Abgebrochene Projekte = Ausdruck von Versagen?!

Kommt dir das bekannt vor?


Früher war ich immer stolz darauf, dass ich grundsätzlich ein Mensch bin, der auch durchzieht, was er sich vorgenommen hat.

Bisher ist mir das beim Schreiben auch immer zu Gute gekommen.

Mittlerweile dehnt sich diese Eigenschaft von mir getrieben durch meinen Perfektionismus jedoch bis ins Unendliche aus& frisst viel unnötige Zeit. Zu viel. Wieder einmal drohte alles dadurch völlig aus dem Ruder zu laufen.

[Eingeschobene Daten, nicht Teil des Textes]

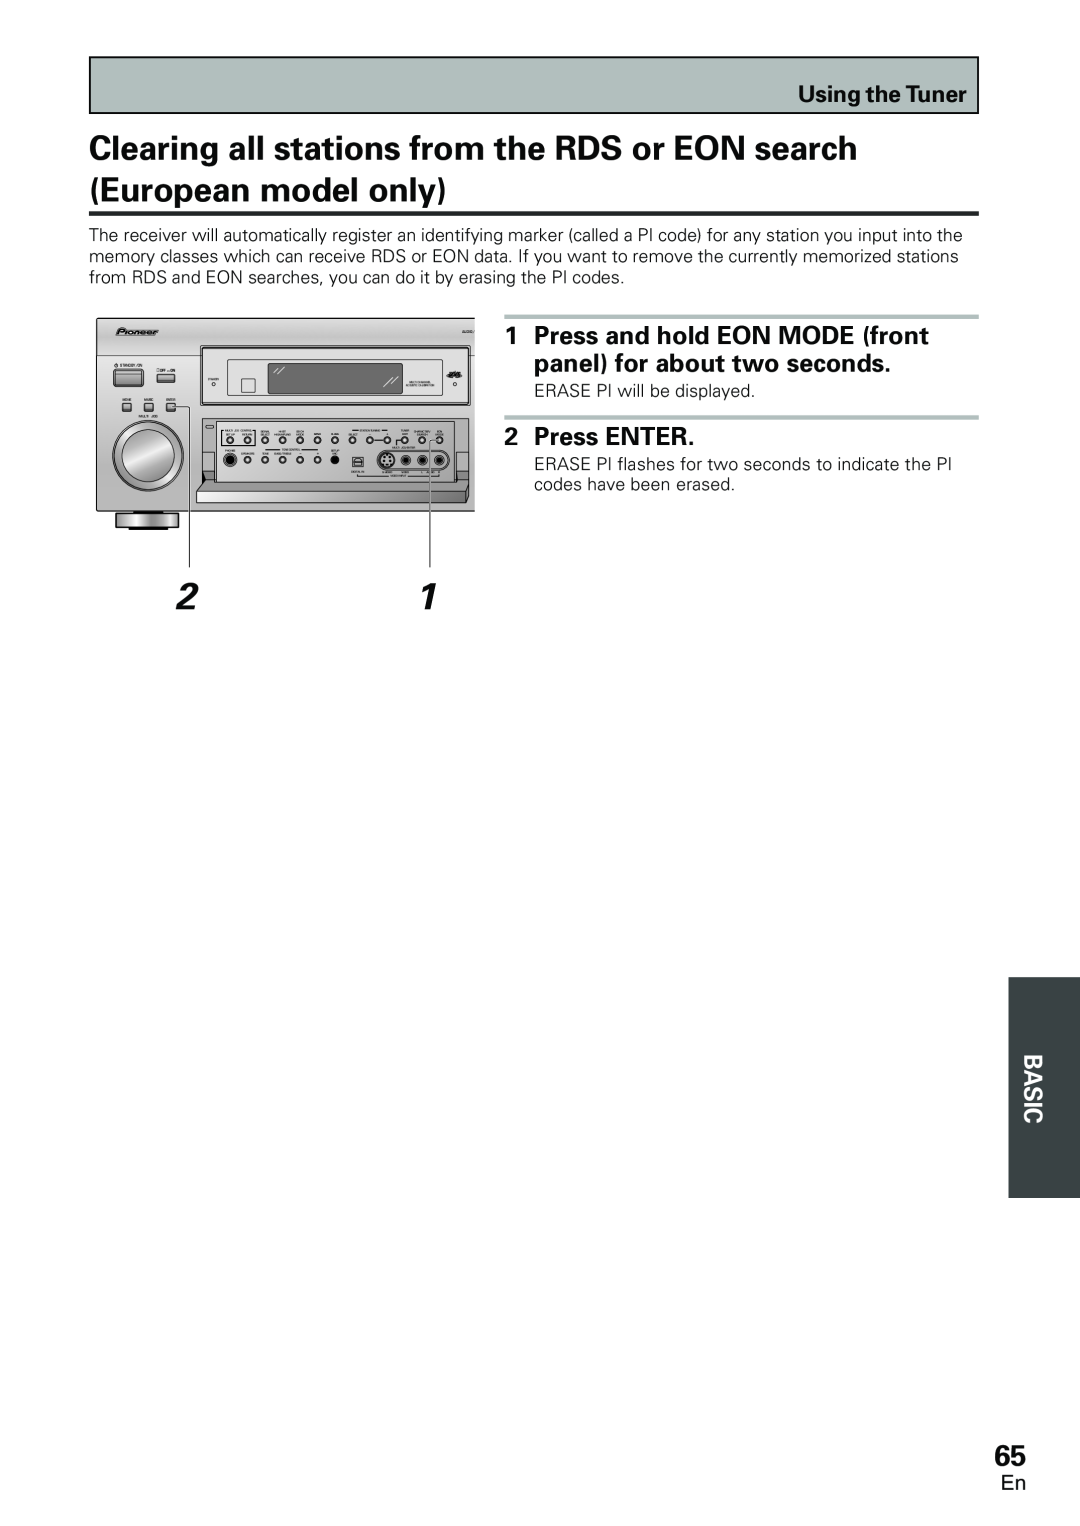 Pioneer VSX-D2011-S, VSX-D2011-G manual Press and hold EON MODE front, panel for about two seconds, Press ENTER, Basic

Und vor allem: Ich hatte keine Lust mehr an dem, was ich tat.


Deshalb habe ich jetzt z.B. ganz radikal die Arbeit am Erzählstrang von Fahrys eingestellt und durch einen neuen, sehr viel passenderen ersetzt. Die fertigen Kapitel mit Fahrys werde ich sicherlich noch mal in einem Bonus für euch verarbeiten, im fertigen Buch der Kermyth- Trilogie kommen sie (so Stand heute) nicht mehr vor.


Seitdem macht mir das Schreiben wieder viel mehr Spaß. Seit letzten Sonntag habe ich endlich wieder jeden Tag geschrieben und, ja verdammt, es fühlt sich so gut an!